Unfortunately didn't time the brews, in both cases I got a fairly flat bed.
Suggestions/theories welcome


----------



## MediumRoastSteam (Jul 7, 2015)

CrazyH said:


> I've been trying to use a Bialletti dripper i picked up (https://www.bialetti.com/coffee/pour-over-coffee-maker-c-1_135.html ), it's not so different to a melitta, i'm using #2 papers in it.
> This morning, i did a brew , bloom, swirl and add water in a single pour. Not dumping or pouring aggressively but relatively quickly. It wasn't too bad, a tad sour and so I presume under-extracted.
> Took the grinder (wilfa svart) from the R of Filter to the A of aeropress and as far as I can tell did more or less the same and get a very sour, pretty undrinkable cup.
> So now I'm wondering, do I need to take it finer again or go back to the first grind setting and slow the pour rate, or maybe something totally else could have gone wrong but I'm not sure what.
> ...


Sour or bitter?

Usually sour is associated with water being too cold and under extractions. Bitter is associated with grinding fine and over-extracting.

@MJWB knows quite a bit about pour overs and helped me quite a bit when I was starting off with my V60.


----------



## CrazyH (Jan 14, 2011)

Might have been some bitterness as well but the overwhelming taste was sourness on the second brew.


----------



## MWJB (Feb 28, 2012)

It looks quite different to a Melitta, the hole is large like a V60. Do the #2 papers fit OK?

Flat bed doesn't tell you much.

If the brew is sour, weak, slow down the pour rate. Pour the bloom, then evenly weighted & timed pours until your total weight.

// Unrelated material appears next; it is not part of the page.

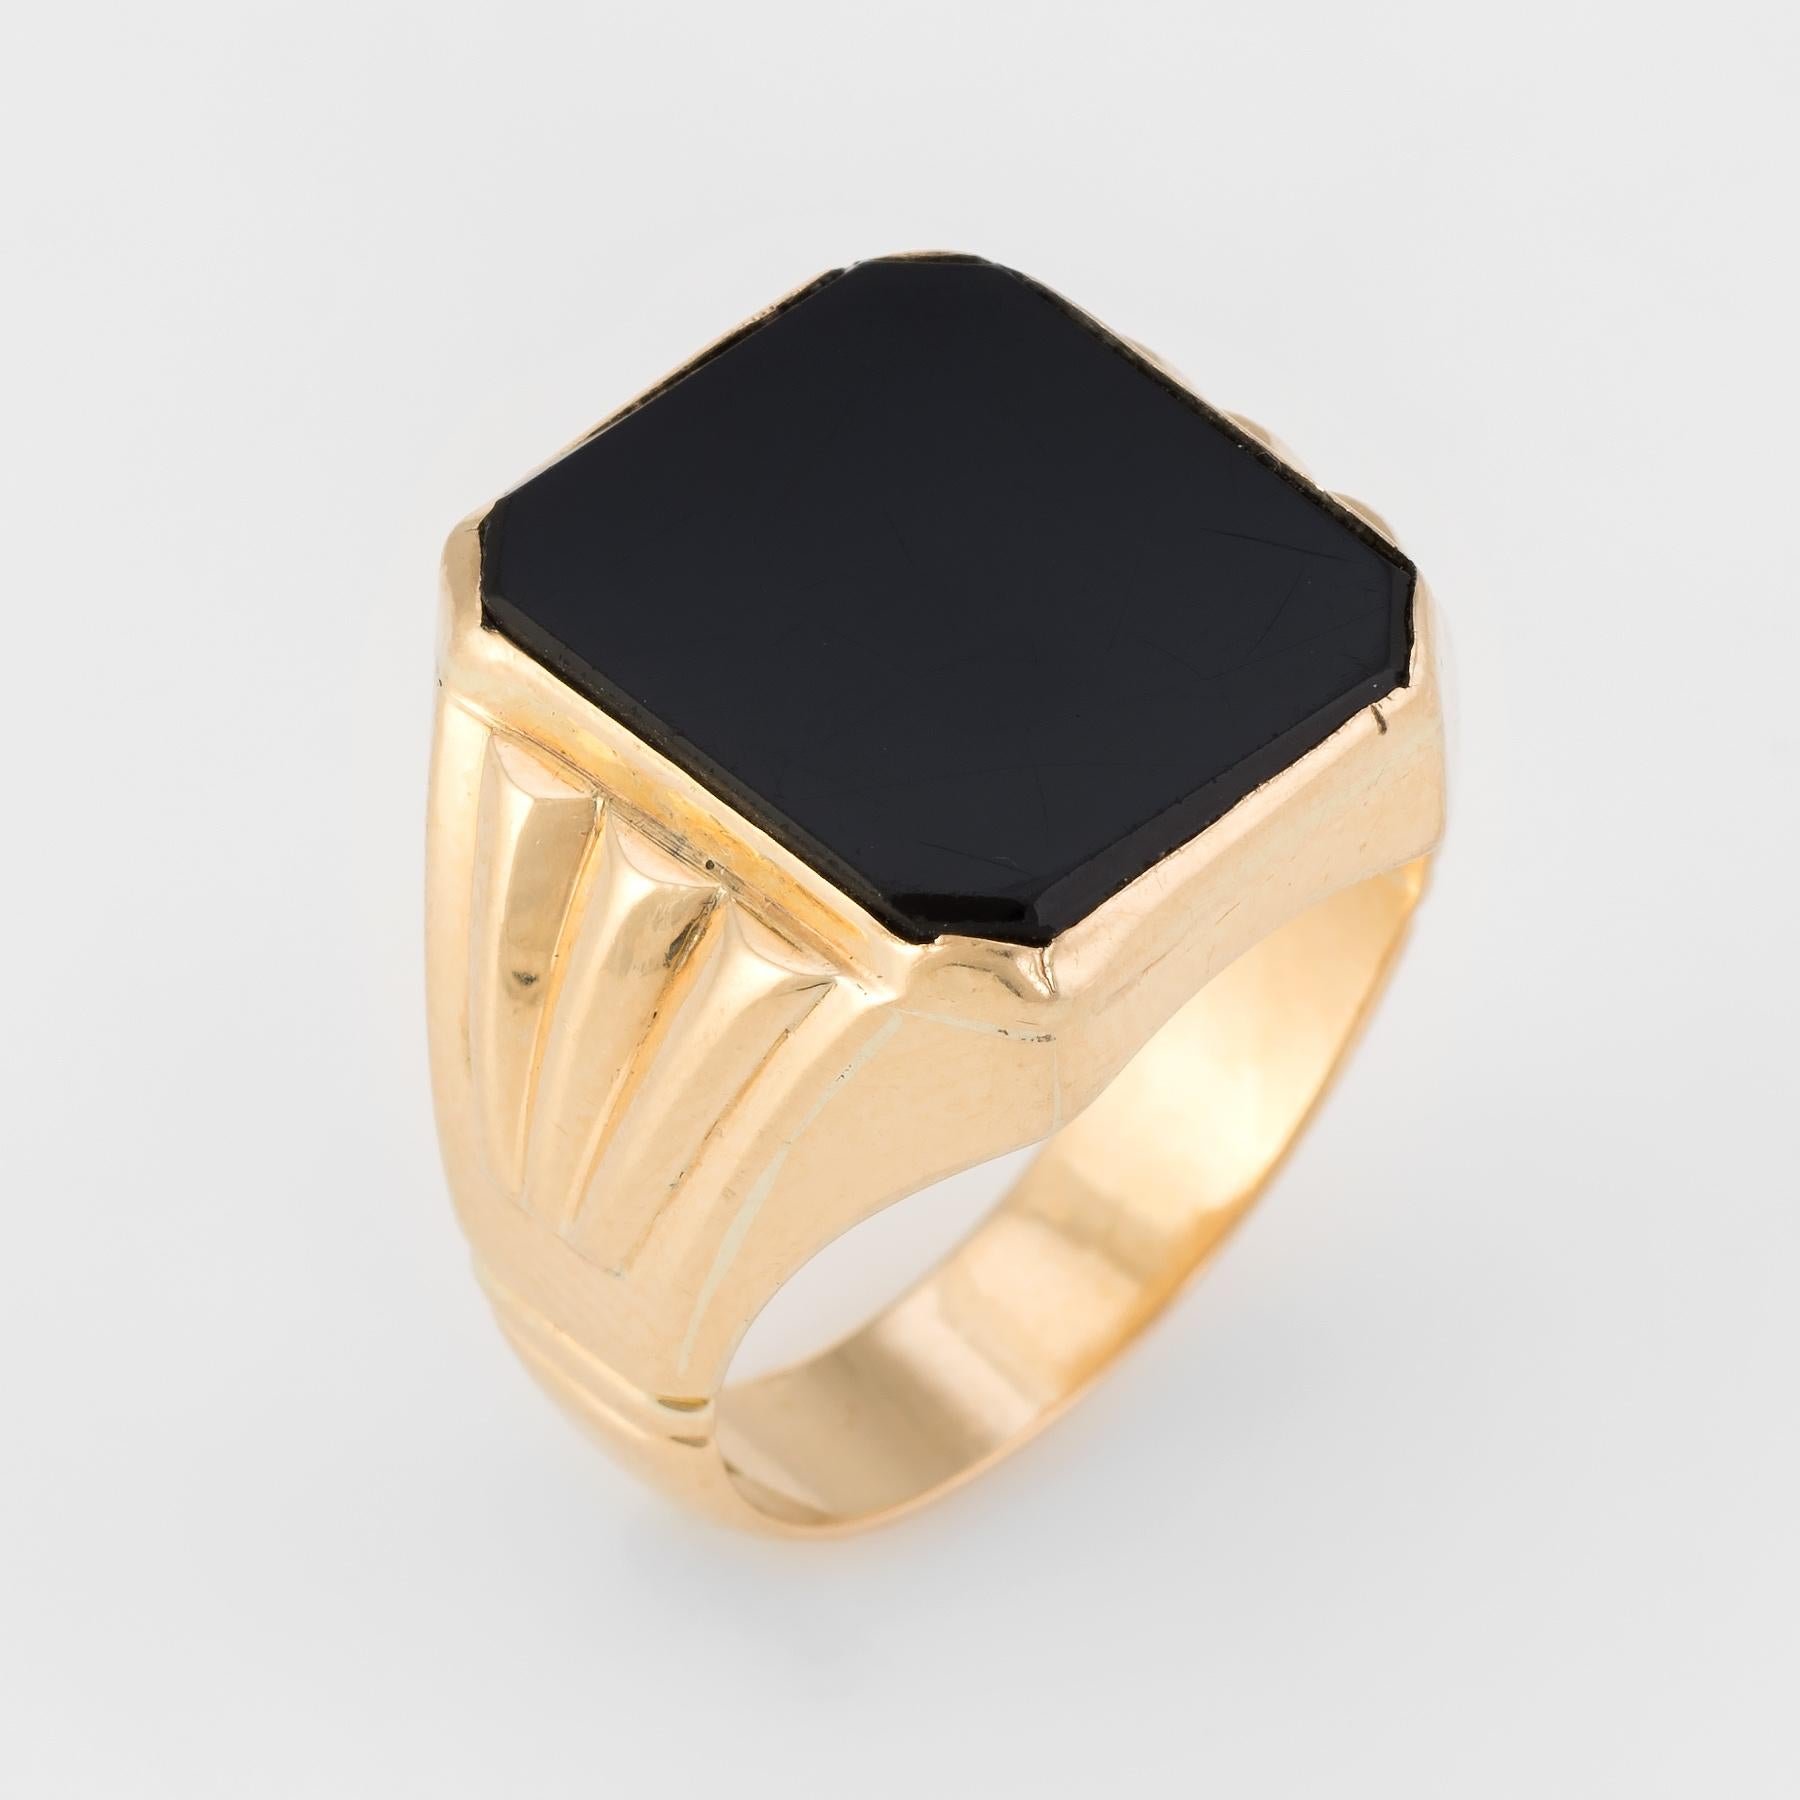 Finely detailed men's cocktail ring (circa 1960s to 1970s), crafted in 18 karat yellow gold. 

Onyx is inlaid flush into the mount and measures 15mm x 13mm. The onyx is in excellent condition and free of cracks or chips. Few light surface abrasions

You haven't told us anything about the brew, but try 15g coffee 33g bloom, stir leave until 20s, then 33g every 20sec until 233g.

Report back.


----------



## CrazyH (Jan 14, 2011)

Hole is probably larger than Melitta but definitely smaller than my v60 (currently out of v60 papers hence using this). The papers fit okish the ribs inside seem designed for melitta papers , but the funky shape means like it looks they've tried to get it working with round filters as well. 
Was trying 16g coffee 40g bloom water, decent shake about, waited until it looked settled and added water up to 250, then a stir round the edge. It is possible I was pouring slower for the first brew even if it wasn't pulsed, the grind wouldn't have been a whole lot finer.
I will give the above recipe this afternoon, thanks!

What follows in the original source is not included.